Foi mais ou menos por estes anos que a minha tia me deixou começar a experimentar a sensação de conduzir, sempre em locais onde a segurança não ficasse hipotecada.
Um dia, foi ela quem me ofereceu a carta de condução e me deixava guiar sempre que estávamos juntas, com uma confiança inabalável; o meu pai chegou, um dia, a encolher-se no banco de trás, num daqueles dias em que todo o céu era não azul, mas água. As estradas, rios. E ela ali, no "lugar do morto", o seu carro nas mãos de uma condutora inexperiente, a não transparecer nada mais que optimismo.
O mesmo optimismo que, finalmente, conseguiu reencontrar neste seu 76º aniversário, comemorado numa reduzida mas agradável reunião familiar, apesar da doença que importunara já pai e irmã e decidira atravessar-lhe agora no seu percurso.
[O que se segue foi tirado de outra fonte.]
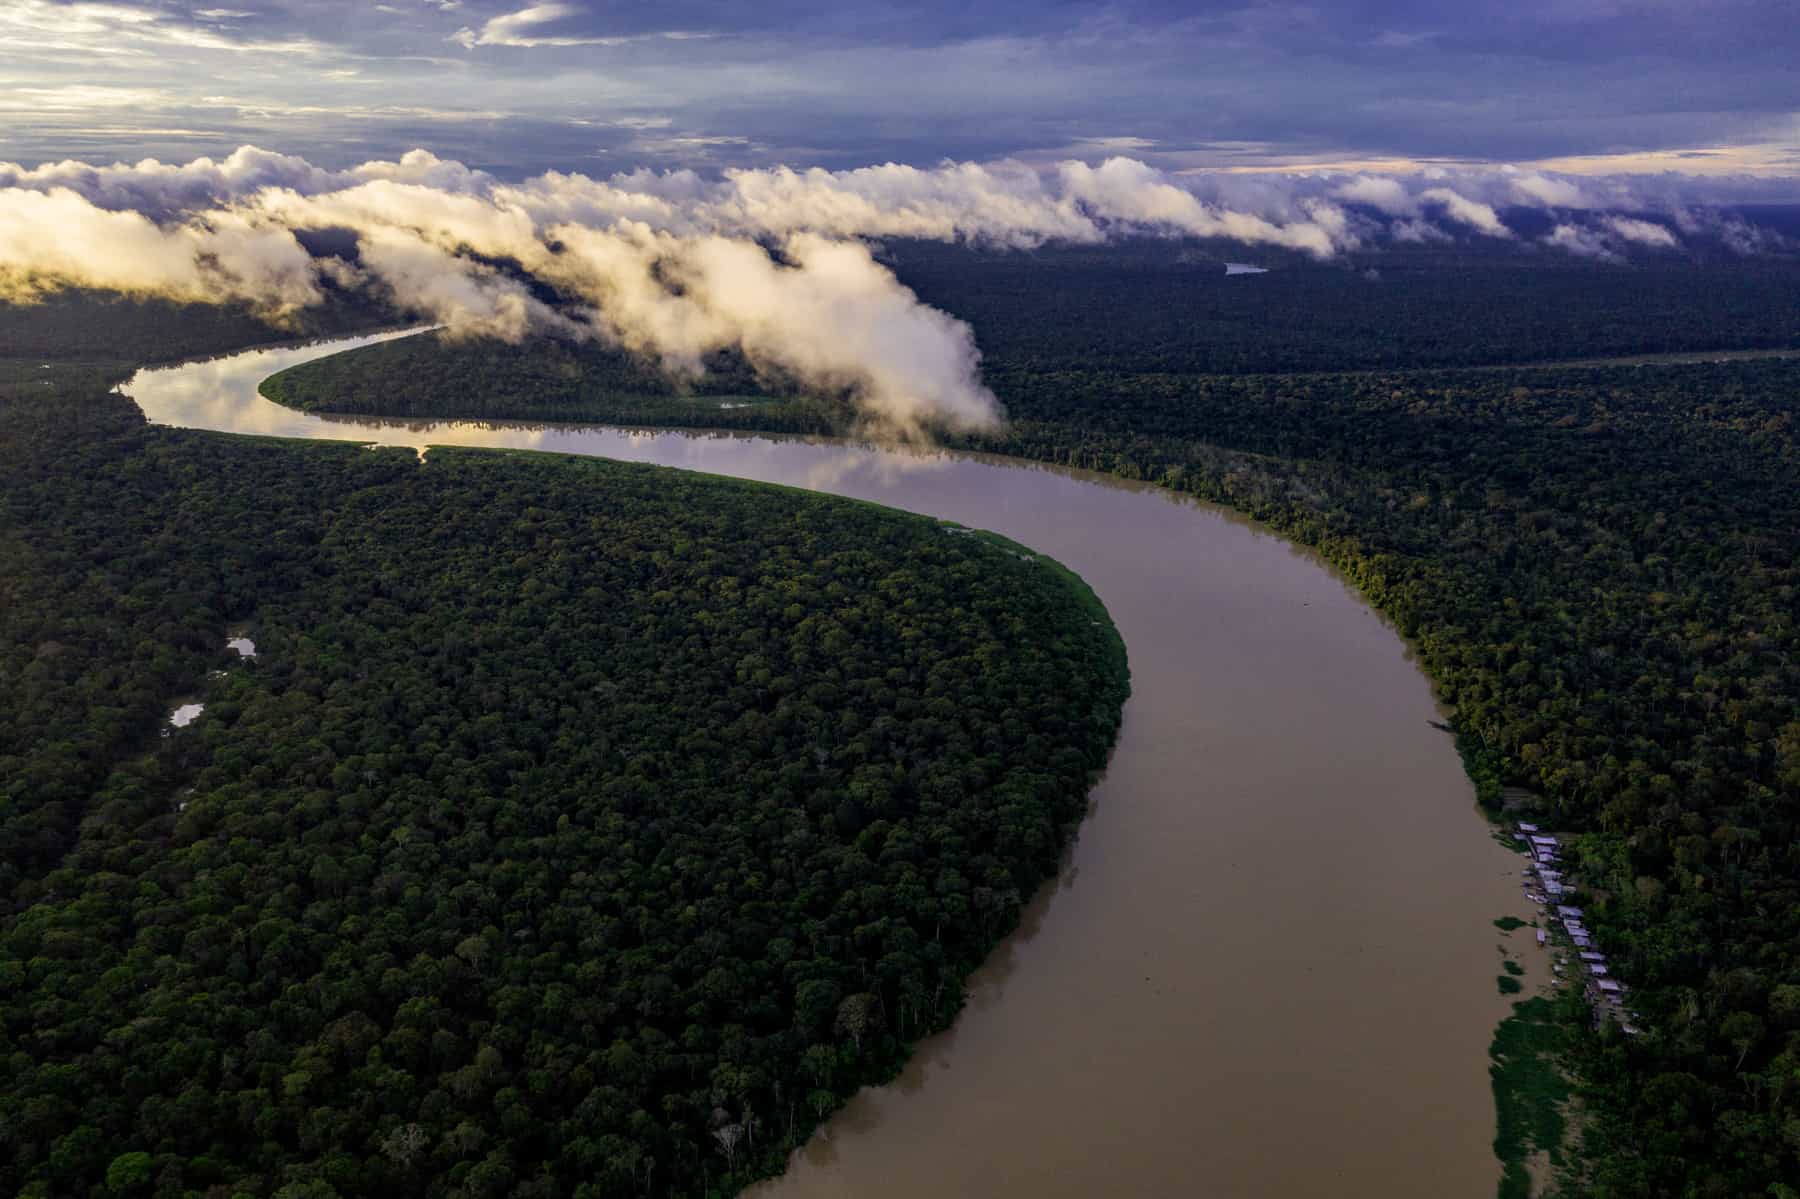 Das Dorf Uacari im West-Amazonas-Gebiet ist bis auf wenige Hütten am Ufer komplett vom Regenwald überdeckt. Von hier aus startet der Biologe und Naturschützer João Campos-Silva zu seinen Expeditionen, um den Arapaima, den größten Süßwasserfisch der Erde, vor dem Aussterben zu bewahren.

A má notícia arrumada numa estante, juntamente com as relíquias testemunhas de outras vidas. Os tratamentos, tão frequentes e tão frescos, vencidos pela personalidade duma mulher que foi aprendendo a adaptar-se às circusntâncias que a vida lhe foi apresentando.
Voltou a ser a minha tia, a dos arranjos milagrosos nas calças do meu filho, que, outras mães se veriam tentadas a mandar para o lixo.
A que responde sempre que está bem, preocupada em não nos trazer inquietações.
A que, nas reuniões familiares, traz sempre aquilo que se comprometeu em trazer e mais algumas coisas, de que se lembrou entretanto.
A que é frontal comigo, mesmo quando isso implica desacordo, tal como eu sou com ela. Porque somos assim, diferentes e parecidas. Impulsivas, intempestivas, transparentes reciprocamente. E adoramo-nos, o que se sobrepõe a quaisquer minutos ou horas de esgrima verbal.